WHAT YOU HAVE TO DO: The records, repeated exactly and in full, are the expected answer.

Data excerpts

━━━━━━━━━━━━━━━━━━━━━━━━━━━━━━

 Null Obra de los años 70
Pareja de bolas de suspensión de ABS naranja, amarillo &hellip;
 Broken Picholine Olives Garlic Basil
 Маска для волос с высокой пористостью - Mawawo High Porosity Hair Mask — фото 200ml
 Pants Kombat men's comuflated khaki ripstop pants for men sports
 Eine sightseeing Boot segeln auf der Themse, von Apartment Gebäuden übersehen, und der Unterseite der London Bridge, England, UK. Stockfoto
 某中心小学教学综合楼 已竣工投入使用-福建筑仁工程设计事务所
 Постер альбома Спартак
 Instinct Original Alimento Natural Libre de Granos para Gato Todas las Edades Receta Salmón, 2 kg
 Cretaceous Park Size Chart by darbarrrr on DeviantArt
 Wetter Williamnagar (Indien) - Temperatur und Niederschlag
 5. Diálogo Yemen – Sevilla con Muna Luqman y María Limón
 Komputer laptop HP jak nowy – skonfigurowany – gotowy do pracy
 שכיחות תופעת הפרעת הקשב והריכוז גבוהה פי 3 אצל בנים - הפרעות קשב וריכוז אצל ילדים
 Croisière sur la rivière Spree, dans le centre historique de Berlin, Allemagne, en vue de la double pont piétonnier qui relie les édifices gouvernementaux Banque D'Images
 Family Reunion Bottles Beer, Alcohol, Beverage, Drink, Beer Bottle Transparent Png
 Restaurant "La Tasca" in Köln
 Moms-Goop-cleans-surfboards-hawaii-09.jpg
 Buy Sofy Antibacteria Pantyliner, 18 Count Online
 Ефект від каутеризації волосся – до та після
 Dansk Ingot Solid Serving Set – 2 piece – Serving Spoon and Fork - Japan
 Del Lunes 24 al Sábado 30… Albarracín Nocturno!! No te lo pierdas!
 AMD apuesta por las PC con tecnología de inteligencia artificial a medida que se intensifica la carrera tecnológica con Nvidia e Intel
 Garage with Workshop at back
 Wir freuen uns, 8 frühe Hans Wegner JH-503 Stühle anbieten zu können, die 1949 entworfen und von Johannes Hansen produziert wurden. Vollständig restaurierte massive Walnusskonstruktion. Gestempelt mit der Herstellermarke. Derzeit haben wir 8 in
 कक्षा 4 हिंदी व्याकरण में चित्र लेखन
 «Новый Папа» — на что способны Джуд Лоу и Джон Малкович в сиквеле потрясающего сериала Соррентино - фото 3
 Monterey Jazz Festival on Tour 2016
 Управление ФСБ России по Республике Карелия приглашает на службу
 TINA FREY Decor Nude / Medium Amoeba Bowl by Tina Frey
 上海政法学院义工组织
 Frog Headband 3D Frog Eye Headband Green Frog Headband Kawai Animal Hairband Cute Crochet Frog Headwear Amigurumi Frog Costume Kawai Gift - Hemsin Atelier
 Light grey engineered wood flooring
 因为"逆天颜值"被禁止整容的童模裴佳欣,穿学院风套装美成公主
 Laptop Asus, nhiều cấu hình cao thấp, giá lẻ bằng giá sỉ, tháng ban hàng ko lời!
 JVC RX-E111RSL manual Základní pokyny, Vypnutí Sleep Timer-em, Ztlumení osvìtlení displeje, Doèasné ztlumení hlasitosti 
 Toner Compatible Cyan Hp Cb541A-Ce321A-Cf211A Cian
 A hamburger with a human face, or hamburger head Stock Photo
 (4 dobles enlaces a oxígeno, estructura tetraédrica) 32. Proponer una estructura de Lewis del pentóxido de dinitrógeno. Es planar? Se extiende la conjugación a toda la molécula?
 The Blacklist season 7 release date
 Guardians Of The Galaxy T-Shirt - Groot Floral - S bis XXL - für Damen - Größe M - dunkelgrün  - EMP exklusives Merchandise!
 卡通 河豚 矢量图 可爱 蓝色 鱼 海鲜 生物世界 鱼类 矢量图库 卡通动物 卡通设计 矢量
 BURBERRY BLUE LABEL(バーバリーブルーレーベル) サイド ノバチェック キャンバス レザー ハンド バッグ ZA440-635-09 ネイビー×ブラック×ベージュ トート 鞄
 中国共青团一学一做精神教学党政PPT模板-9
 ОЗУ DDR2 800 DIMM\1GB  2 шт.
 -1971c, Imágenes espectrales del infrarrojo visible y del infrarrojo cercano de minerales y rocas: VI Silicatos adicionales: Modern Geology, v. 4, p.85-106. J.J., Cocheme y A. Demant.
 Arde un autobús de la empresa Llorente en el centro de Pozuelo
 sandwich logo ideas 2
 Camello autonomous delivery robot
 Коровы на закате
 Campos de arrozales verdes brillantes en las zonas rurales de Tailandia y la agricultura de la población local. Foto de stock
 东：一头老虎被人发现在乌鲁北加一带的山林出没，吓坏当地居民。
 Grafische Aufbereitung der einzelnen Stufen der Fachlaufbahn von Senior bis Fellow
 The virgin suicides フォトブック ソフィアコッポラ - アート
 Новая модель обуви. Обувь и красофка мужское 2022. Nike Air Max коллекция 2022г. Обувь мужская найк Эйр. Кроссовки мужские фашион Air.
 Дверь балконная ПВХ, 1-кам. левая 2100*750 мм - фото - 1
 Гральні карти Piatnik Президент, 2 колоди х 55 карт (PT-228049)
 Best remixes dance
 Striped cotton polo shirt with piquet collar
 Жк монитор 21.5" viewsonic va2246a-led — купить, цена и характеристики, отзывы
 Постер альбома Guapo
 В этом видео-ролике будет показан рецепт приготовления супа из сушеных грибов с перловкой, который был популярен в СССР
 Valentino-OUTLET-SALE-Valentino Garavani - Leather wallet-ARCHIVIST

━━━━━━━━━━━━━━━━━━━━━━━━━━━━━━

FINISHED TASK:
 Null Obra de los años 70
Pareja de bolas de suspensión de ABS naranja, amarillo &hellip;
 Broken Picholine Olives Garlic Basil
 Маска для волос с высокой пористостью - Mawawo High Porosity Hair Mask — фото 200ml
 Pants Kombat men's comuflated khaki ripstop pants for men sports
 Eine sightseeing Boot segeln auf der Themse, von Apartment Gebäuden übersehen, und der Unterseite der London Bridge, England, UK. Stockfoto
 某中心小学教学综合楼 已竣工投入使用-福建筑仁工程设计事务所
 Постер альбома Спартак
 Instinct Original Alimento Natural Libre de Granos para Gato Todas las Edades Receta Salmón, 2 kg
 Cretaceous Park Size Chart by darbarrrr on DeviantArt
 Wetter Williamnagar (Indien) - Temperatur und Niederschlag
 5. Diálogo Yemen – Sevilla con Muna Luqman y María Limón
 Komputer laptop HP jak nowy – skonfigurowany – gotowy do pracy
 שכיחות תופעת הפרעת הקשב והריכוז גבוהה פי 3 אצל בנים - הפרעות קשב וריכוז אצל ילדים
 Croisière sur la rivière Spree, dans le centre historique de Berlin, Allemagne, en vue de la double pont piétonnier qui relie les édifices gouvernementaux Banque D'Images
 Family Reunion Bottles Beer, Alcohol, Beverage, Drink, Beer Bottle Transparent Png
 Restaurant "La Tasca" in Köln
 Moms-Goop-cleans-surfboards-hawaii-09.jpg
 Buy Sofy Antibacteria Pantyliner, 18 Count Online
 Ефект від каутеризації волосся – до та після
 Dansk Ingot Solid Serving Set – 2 piece – Serving Spoon and Fork - Japan
 Del Lunes 24 al Sábado 30… Albarracín Nocturno!! No te lo pierdas!
 AMD apuesta por las PC con tecnología de inteligencia artificial a medida que se intensifica la carrera tecnológica con Nvidia e Intel
 Garage with Workshop at back
 Wir freuen uns, 8 frühe Hans Wegner JH-503 Stühle anbieten zu können, die 1949 entworfen und von Johannes Hansen produziert wurden. Vollständig restaurierte massive Walnusskonstruktion. Gestempelt mit der Herstellermarke. Derzeit haben wir 8 in
 कक्षा 4 हिंदी व्याकरण में चित्र लेखन
 «Новый Папа» — на что способны Джуд Лоу и Джон Малкович в сиквеле потрясающего сериала Соррентино - фото 3
 Monterey Jazz Festival on Tour 2016
 Управление ФСБ России по Республике Карелия приглашает на службу
 TINA FREY Decor Nude / Medium Amoeba Bowl by Tina Frey
 上海政法学院义工组织
 Frog Headband 3D Frog Eye Headband Green Frog Headband Kawai Animal Hairband Cute Crochet Frog Headwear Amigurumi Frog Costume Kawai Gift - Hemsin Atelier
 Light grey engineered wood flooring
 因为"逆天颜值"被禁止整容的童模裴佳欣,穿学院风套装美成公主
 Laptop Asus, nhiều cấu hình cao thấp, giá lẻ bằng giá sỉ, tháng ban hàng ko lời!
 JVC RX-E111RSL manual Základní pokyny, Vypnutí Sleep Timer-em, Ztlumení osvìtlení displeje, Doèasné ztlumení hlasitosti 
 Toner Compatible Cyan Hp Cb541A-Ce321A-Cf211A Cian
 A hamburger with a human face, or hamburger head Stock Photo
 (4 dobles enlaces a oxígeno, estructura tetraédrica) 32. Proponer una estructura de Lewis del pentóxido de dinitrógeno. Es planar? Se extiende la conjugación a toda la molécula?
 The Blacklist season 7 release date
 Guardians Of The Galaxy T-Shirt - Groot Floral - S bis XXL - für Damen - Größe M - dunkelgrün  - EMP exklusives Merchandise!
 卡通 河豚 矢量图 可爱 蓝色 鱼 海鲜 生物世界 鱼类 矢量图库 卡通动物 卡通设计 矢量
 BURBERRY BLUE LABEL(バーバリーブルーレーベル) サイド ノバチェック キャンバス レザー ハンド バッグ ZA440-635-09 ネイビー×ブラック×ベージュ トート 鞄
 中国共青团一学一做精神教学党政PPT模板-9
 ОЗУ DDR2 800 DIMM\1GB  2 шт.
 -1971c, Imágenes espectrales del infrarrojo visible y del infrarrojo cercano de minerales y rocas: VI Silicatos adicionales: Modern Geology, v. 4, p.85-106. J.J., Cocheme y A. Demant.
 Arde un autobús de la empresa Llorente en el centro de Pozuelo
 sandwich logo ideas 2
 Camello autonomous delivery robot
 Коровы на закате
 Campos de arrozales verdes brillantes en las zonas rurales de Tailandia y la agricultura de la población local. Foto de stock
 东：一头老虎被人发现在乌鲁北加一带的山林出没，吓坏当地居民。
 Grafische Aufbereitung der einzelnen Stufen der Fachlaufbahn von Senior bis Fellow
 The virgin suicides フォトブック ソフィアコッポラ - アート
 Новая модель обуви. Обувь и красофка мужское 2022. Nike Air Max коллекция 2022г. Обувь мужская найк Эйр. Кроссовки мужские фашион Air.
 Дверь балконная ПВХ, 1-кам. левая 2100*750 мм - фото - 1
 Гральні карти Piatnik Президент, 2 колоди х 55 карт (PT-228049)
 Best remixes dance
 Striped cotton polo shirt with piquet collar
 Жк монитор 21.5" viewsonic va2246a-led — купить, цена и характеристики, отзывы
 Постер альбома Guapo
 В этом видео-ролике будет показан рецепт приготовления супа из сушеных грибов с перловкой, который был популярен в СССР
 Valentino-OUTLET-SALE-Valentino Garavani - Leather wallet-ARCHIVIST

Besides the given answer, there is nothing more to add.